When Stephen King wrote the novel Doctor Sleep in 2013, he did a few very key things. He wanted to make sure it stood alone as a scary and effective story of trauma and recovery; he wanted to do justice to the legacy of one of his seminal novels, 1977’s The Shining; and perhaps most importantly, he wanted to make sure Doctor Sleep was a sequel to his version of The Shining. As in, not Stanley Kubrick’s. That’s why Mike Flanagan’s adaptation of Doctor Sleep, hitting theaters in November is all the more astounding. Flanagan aimed to adapt King’s novel, and be a sequel to Kubrick’s film. The trailer sure looks like he does it.

The task is nigh herculean; stuff happens in the movie The Shining that doesn’t happen in the book and therefore wasn’t written into Doctor Sleep. But the movie would need to have that. It’s all very confusing. At a trailer premiere event for the new film, writer-director Flanagan and producer Trevor Macy told a group of journalists—including yours truly—what on Earth is going on.

How DOCTOR SLEEP Brought King and Kubrick Together_1

“Yes, it is an adaptation of the novel Doctor Sleep,” explained Flanagan, “which is Stephen King’s sequel to his novel, The Shining. But this also exists very much in the same cinematic universe that Kubrick established in his adaptation of The Shining. And reconciling those three, at times very different, sources has been kind of the most challenging and thrilling part of this creatively for us.”

“First and foremost,” Macy joined, “the movie’s kind of its own thing. And has been embraced by the Kubrick estate and by King as such. But in a very real sense, we’re standing on the shoulders of literary and cinematic giants.”

Flanagan has already successfully adapted a King novel: the “unfilmable” Gerald’s Game, which Macy also produced; it’s one of the best King adaptations there is. So perhaps that gave them the benefit of the doubt with the author. But first they’d have to do it just right.

“When it came to trying to crack the adaptation,” Flanagan said, “I went back to the book [Doctor Sleep] first. And the big conversation that we had to have was about whether or not we could still do a faithful adaptation of the novel as King had laid it out, while inhabiting the universe that Kubrick had created. That was a conversation that we had to have with Stephen King to kick the whole thing off.
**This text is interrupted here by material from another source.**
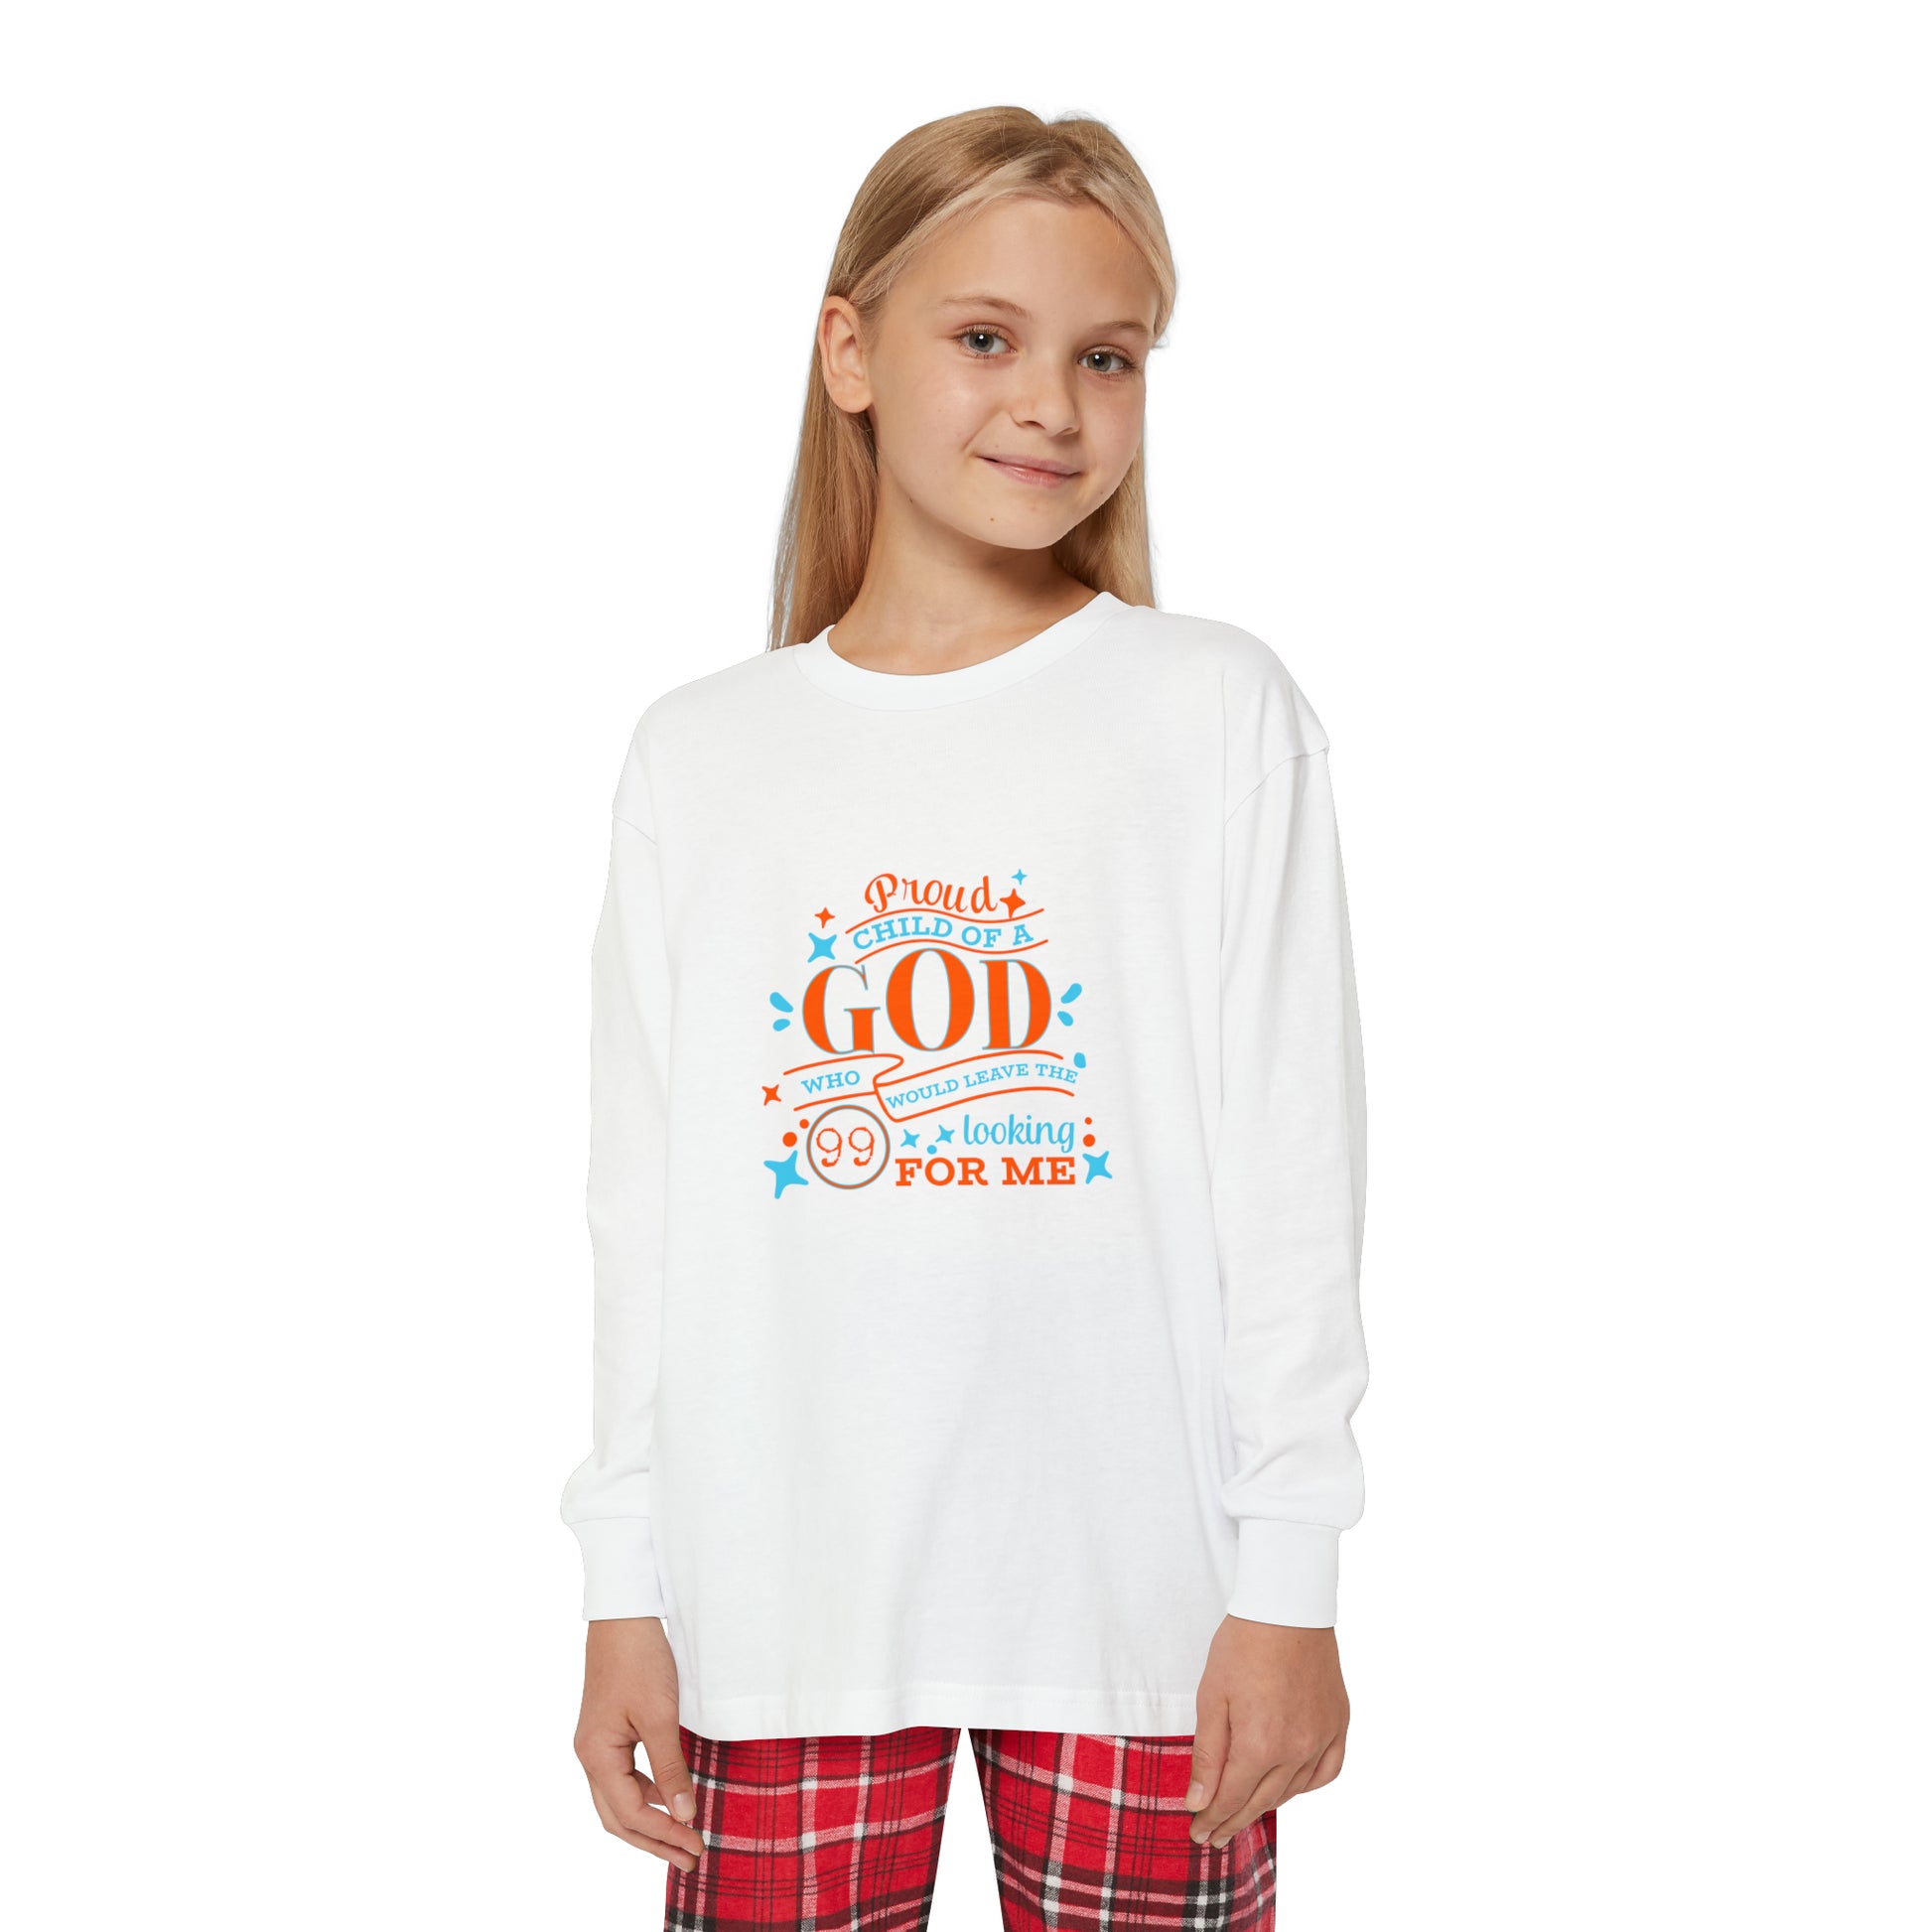 Proud Child Of A God Who Would Leave The 99 Looking For Me Youth Christian Long Sleeve Pajama Set Printify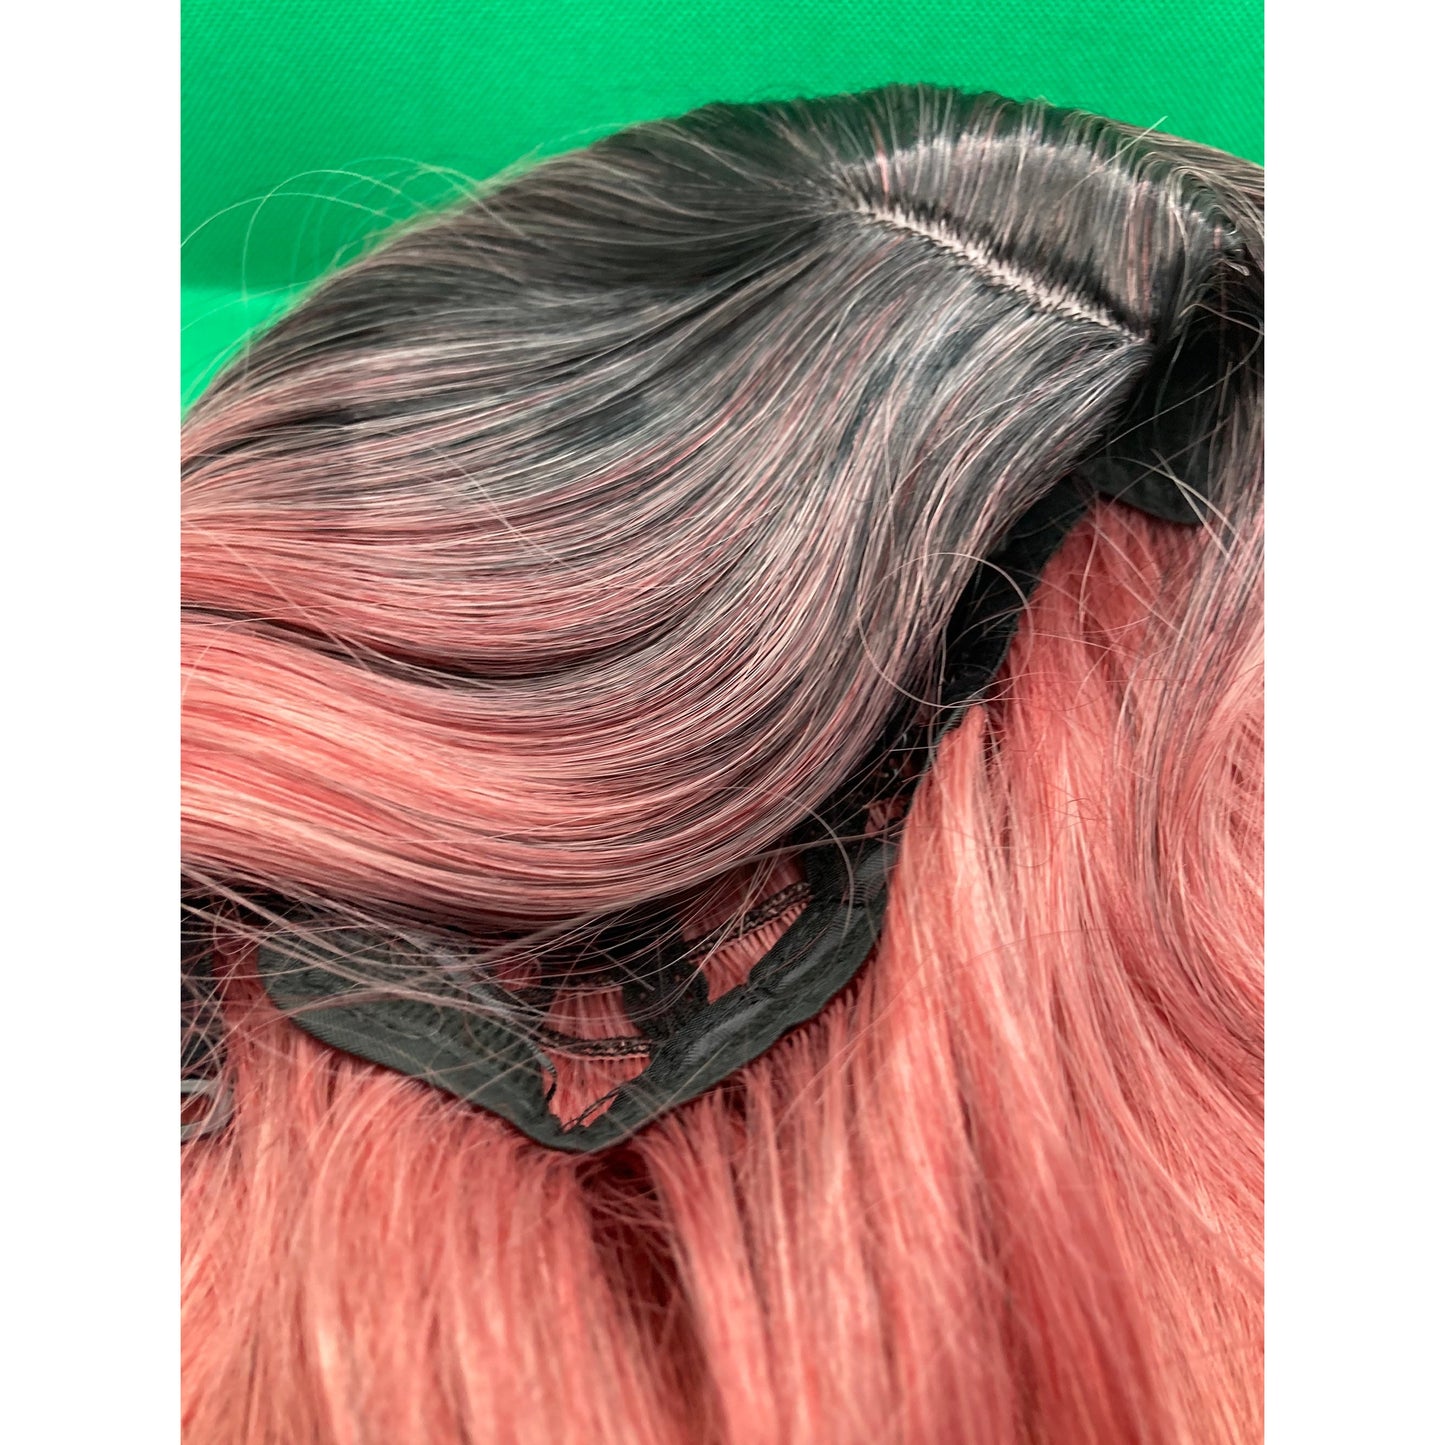 Black Root Pink Long Curly Wig

And if that conversation hadn’t gone the way it went, we wouldn’t have done the film.”

I don’t think I can fully express just how much Stephen King hated the Stanley Kubrick adaptation of the film. Infamously, King thought it completely missed the point.

“Stephen King’s opinions about the Kubrick adaptation are famous and complicated,” Flanagan continued. “And complicated to the point that, if you’ve read [Doctor Sleep], you know that he actively and intentionally ignored kind of everything that Kubrick had changed about his novel and kind of defiantly said, ‘You know, nope, this exists completely outside of the Kubrick universe.'”

So for King to be okay with this new adaptation using Kubrick’s designs is truly remarkable. “We had to go to King and explain how certain characters who are alive in the novel, The Shining, and were not alive by the end of the film, how to deal with that.” Luckily for Flanagan, “our pitches to Stephen went over surprisingly well. And we came out of the conversation with not only his blessing to do what we ended up doing, but his encouragement.”

The filmmakers later said the two most nerve-wracking moments in their career were sending the initial draft of the script to King for approval and sending a finished cut of the film to King and the Kubrick estate. Both came back with positive endorsements. “That was always the hope going in,” the director shared with an enormous, beaming smile. “If there was some universe in which Stephen King and the Stanley Kubrick estate could both love this movie, that is the dream.”

And really, what bigger vote of confidence could anyone need?

Doctor Sleep comes to theaters on November 8.